ACTIVITY =>
For this exercise, please reproduce the records below word for word, from the first line through the line with "Изображение скриншота сайта".

[Stored items from a collection]
------------------------------------------------------------
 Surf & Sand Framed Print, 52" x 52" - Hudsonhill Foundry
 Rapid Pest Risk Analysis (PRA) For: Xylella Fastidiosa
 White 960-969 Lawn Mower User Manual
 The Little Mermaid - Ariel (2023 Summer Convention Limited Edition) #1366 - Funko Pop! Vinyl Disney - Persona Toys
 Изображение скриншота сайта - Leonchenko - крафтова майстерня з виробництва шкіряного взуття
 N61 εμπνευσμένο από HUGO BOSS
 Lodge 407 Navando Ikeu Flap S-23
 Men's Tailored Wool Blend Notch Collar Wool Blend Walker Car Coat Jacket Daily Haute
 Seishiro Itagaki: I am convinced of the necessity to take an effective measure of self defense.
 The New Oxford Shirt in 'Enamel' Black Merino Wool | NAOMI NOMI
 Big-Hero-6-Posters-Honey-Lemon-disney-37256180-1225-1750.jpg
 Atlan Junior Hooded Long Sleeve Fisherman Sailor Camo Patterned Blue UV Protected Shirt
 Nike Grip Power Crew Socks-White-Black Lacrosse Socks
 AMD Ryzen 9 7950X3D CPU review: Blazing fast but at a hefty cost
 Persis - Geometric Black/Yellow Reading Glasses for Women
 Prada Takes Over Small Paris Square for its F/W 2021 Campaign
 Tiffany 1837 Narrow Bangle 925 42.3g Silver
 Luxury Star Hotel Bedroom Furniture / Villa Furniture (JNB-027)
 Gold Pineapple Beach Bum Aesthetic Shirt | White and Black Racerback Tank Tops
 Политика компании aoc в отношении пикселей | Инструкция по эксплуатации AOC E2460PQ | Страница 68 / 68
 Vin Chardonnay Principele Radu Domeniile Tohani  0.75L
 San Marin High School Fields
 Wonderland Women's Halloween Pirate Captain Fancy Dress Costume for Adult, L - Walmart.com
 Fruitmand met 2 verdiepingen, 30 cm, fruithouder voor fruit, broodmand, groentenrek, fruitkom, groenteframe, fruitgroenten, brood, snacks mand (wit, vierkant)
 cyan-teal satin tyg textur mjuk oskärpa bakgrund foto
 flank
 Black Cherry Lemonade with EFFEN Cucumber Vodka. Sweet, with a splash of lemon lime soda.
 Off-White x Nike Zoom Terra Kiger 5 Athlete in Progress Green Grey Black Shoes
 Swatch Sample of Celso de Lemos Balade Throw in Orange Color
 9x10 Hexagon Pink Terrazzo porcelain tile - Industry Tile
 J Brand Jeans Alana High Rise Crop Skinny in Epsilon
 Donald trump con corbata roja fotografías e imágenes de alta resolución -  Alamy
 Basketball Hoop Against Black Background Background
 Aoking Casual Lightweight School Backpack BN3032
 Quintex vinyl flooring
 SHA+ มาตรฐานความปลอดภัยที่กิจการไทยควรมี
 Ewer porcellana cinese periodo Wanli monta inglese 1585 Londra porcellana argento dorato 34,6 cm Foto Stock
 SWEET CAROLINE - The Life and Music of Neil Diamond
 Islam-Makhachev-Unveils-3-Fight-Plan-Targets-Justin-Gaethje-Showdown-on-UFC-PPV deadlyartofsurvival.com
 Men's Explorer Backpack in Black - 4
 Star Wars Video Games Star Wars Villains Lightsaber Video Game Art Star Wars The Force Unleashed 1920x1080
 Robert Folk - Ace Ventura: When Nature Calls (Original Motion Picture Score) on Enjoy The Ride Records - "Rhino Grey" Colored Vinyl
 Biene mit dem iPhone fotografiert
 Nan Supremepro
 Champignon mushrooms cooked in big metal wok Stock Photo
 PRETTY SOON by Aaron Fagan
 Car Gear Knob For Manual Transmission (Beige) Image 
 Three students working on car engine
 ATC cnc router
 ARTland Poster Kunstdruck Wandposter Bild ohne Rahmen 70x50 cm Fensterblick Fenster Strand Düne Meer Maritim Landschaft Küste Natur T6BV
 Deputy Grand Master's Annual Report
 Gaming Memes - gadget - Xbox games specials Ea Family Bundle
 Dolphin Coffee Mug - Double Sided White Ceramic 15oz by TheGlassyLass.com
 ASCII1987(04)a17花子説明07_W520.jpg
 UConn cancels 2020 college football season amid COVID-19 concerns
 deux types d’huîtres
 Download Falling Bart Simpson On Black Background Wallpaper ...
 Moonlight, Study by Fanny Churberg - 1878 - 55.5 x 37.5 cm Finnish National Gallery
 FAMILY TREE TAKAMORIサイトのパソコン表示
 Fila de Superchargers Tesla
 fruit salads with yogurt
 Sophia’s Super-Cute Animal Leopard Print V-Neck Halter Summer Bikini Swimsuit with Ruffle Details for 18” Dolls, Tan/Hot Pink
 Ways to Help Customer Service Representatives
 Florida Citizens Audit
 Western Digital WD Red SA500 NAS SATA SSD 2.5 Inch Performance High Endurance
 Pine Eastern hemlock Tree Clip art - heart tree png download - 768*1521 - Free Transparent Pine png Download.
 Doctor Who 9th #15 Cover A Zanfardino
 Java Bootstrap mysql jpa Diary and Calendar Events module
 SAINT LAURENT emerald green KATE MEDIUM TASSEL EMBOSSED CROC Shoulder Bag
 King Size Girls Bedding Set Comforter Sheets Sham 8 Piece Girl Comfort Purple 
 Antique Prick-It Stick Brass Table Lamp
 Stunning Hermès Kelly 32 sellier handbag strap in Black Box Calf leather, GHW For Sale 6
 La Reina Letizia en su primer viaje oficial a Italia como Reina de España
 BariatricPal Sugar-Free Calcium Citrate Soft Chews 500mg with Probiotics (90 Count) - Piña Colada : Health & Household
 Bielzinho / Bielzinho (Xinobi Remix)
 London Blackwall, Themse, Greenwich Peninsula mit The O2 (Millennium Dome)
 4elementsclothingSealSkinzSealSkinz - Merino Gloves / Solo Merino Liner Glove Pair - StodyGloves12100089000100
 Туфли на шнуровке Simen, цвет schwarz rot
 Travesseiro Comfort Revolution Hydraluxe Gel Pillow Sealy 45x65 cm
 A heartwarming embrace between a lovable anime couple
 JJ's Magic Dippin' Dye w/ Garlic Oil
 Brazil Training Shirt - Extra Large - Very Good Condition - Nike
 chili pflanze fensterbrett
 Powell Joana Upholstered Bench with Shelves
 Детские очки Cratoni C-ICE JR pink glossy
------------------------------------------------------------
ANSWER SPACE =>
 Surf & Sand Framed Print, 52" x 52" - Hudsonhill Foundry
 Rapid Pest Risk Analysis (PRA) For: Xylella Fastidiosa
 White 960-969 Lawn Mower User Manual
 The Little Mermaid - Ariel (2023 Summer Convention Limited Edition) #1366 - Funko Pop! Vinyl Disney - Persona Toys
 Изображение скриншота сайта - Leonchenko - крафтова майстерня з виробництва шкіряного взуття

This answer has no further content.